Дяде Лю, опытному земледельцу, было далеко за пятьдесят, но в нем что-то осталось от молодого задора: разговорчивый и смешливый, любил он смотреть кино и книжки-картинки, любил рассказывать эпизоды из старинных романов вроде «Речных заводей» или «Истории царств Восточного Чжоу». Были у него и недостатки — не интересовался политучебой, на занятиях клевал носом, а на цигарки использовал газеты или срывал со стены учебные материалы. Вот и сейчас, отдыхая на току, он скручивал цигарку из листа бумаги с призывами критиковать Линь Бяо и Конфуция.
— Дядя Лю… — нахмурился я.
Он обернулся и, увидев меня, изобразил на лице раскаяние:
— Эх, опять я рукам волю дал, никакого соображения нет…
И со смехом отхлестал себя по рукам.
Я выждал немного и перешел к делу:
— Открой-ка амбар и отвесь мне полкило зерна, а заодно достань и ядохимикаты.
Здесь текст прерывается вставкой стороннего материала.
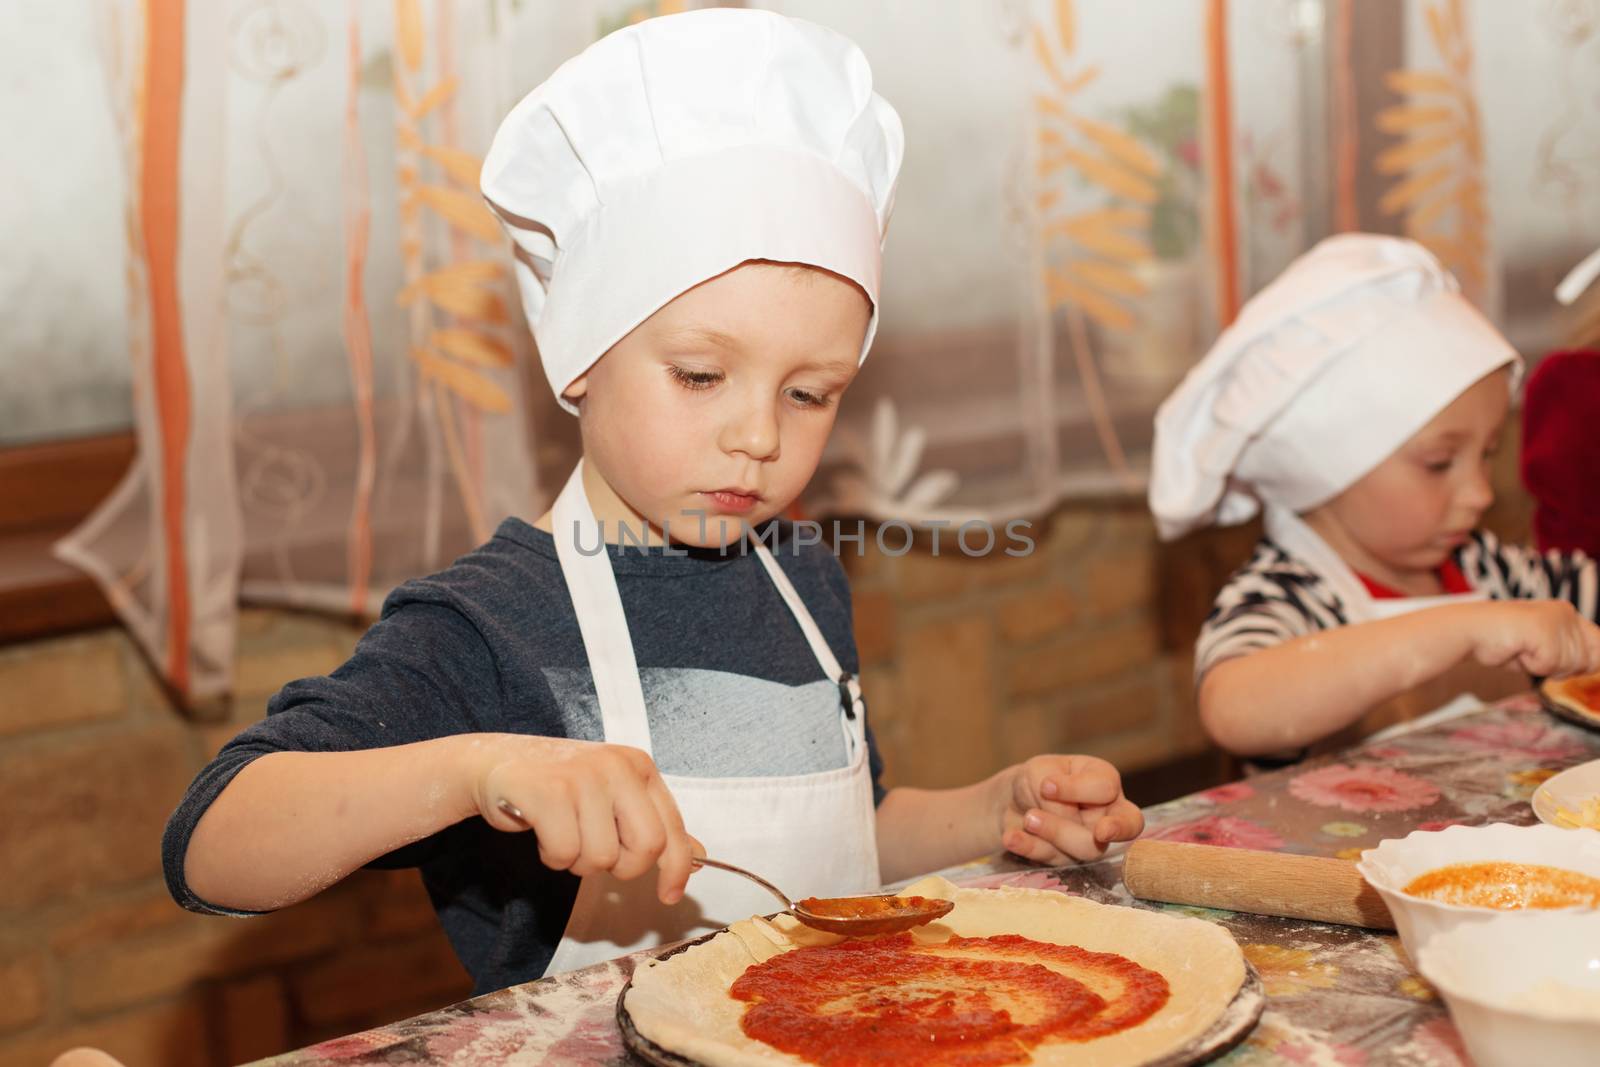 Little cook. Children make pizza. Master class for children on cooking Italian pizza. Young children learn to cook a pizza. Kids preparing homemade pizza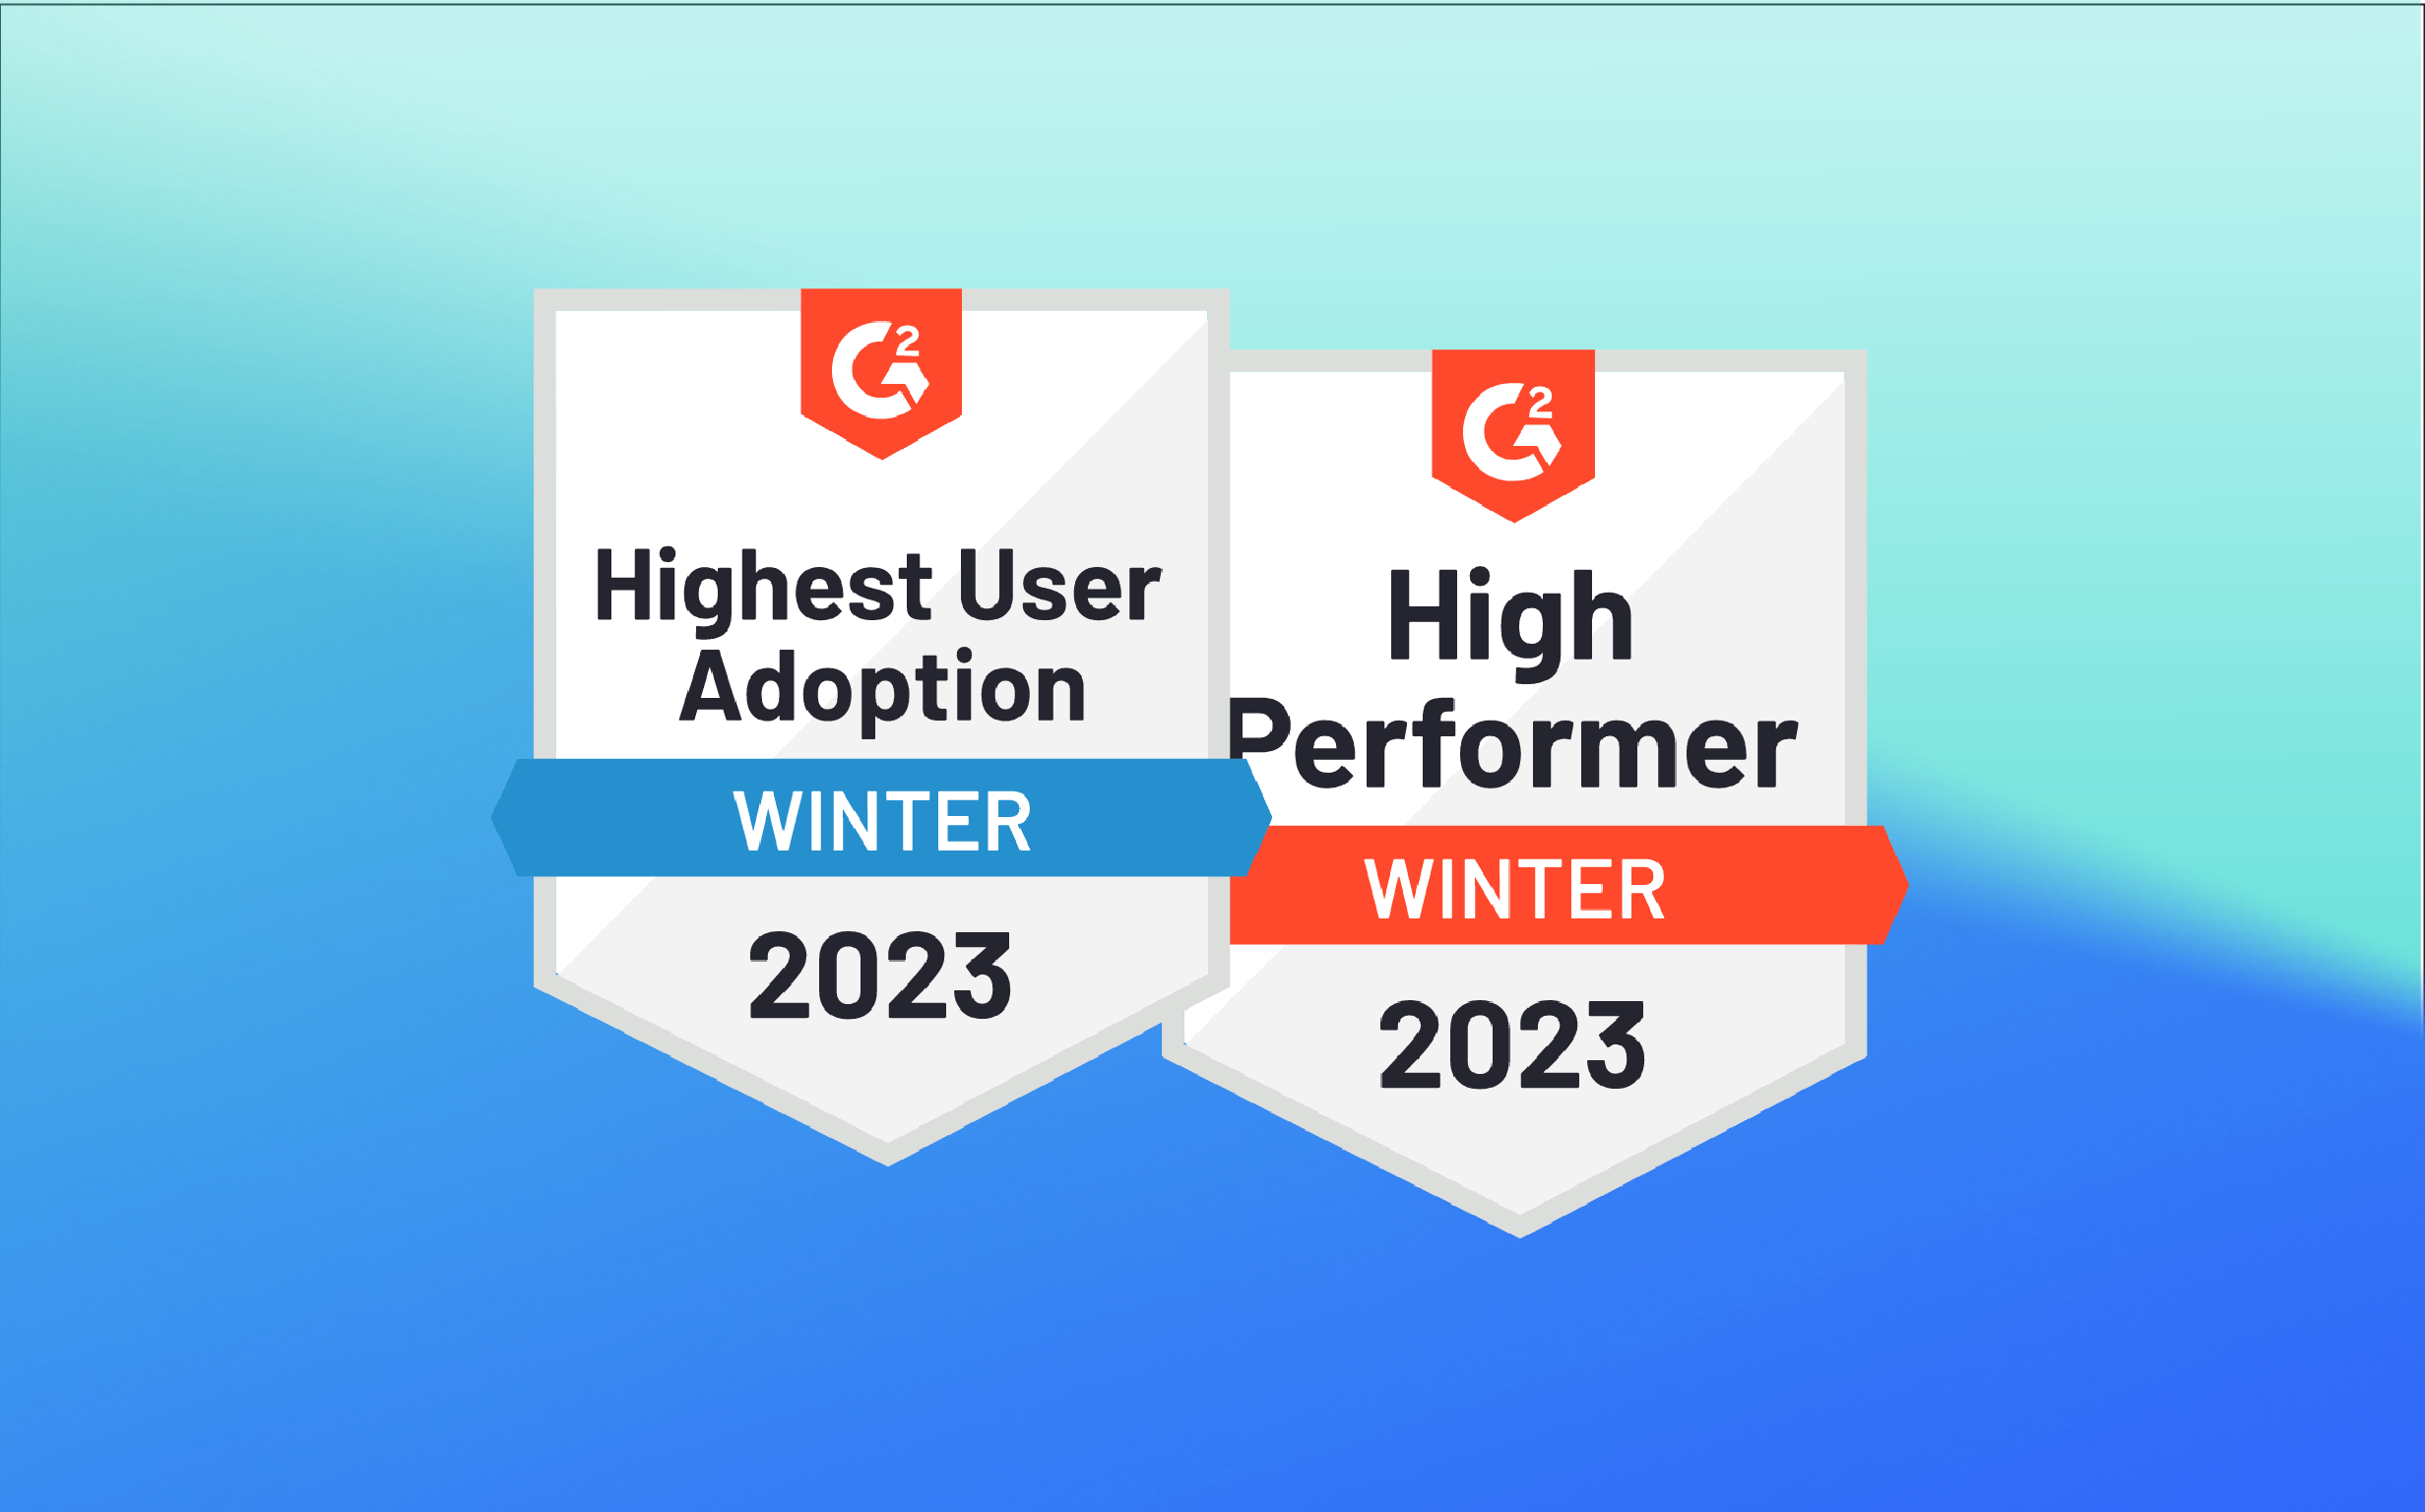 Airbrake Achieves Highest User Adoption in G2’s Winter 2023 Reports

Я хочу…
— Ядохимикаты? — Он выпустил изо рта клуб дыма.
— Без них кур и уток с поля не прогнать!
— Э-э… — У Лю посерьезнел, но тут же хитро блеснул глазами и подмигнул мне. — Ну, это ты ловко придумал! Да только… У людей в домах пусто, не продашь яиц — бабам масло и соль не на что купить. Куры и утки — последняя наша надежда… Нет, этак нельзя, нельзя…
Лю закачал головой, как игрушка на шарнирах.
— Значит, по-твоему, надо дать волю стихийному развитию?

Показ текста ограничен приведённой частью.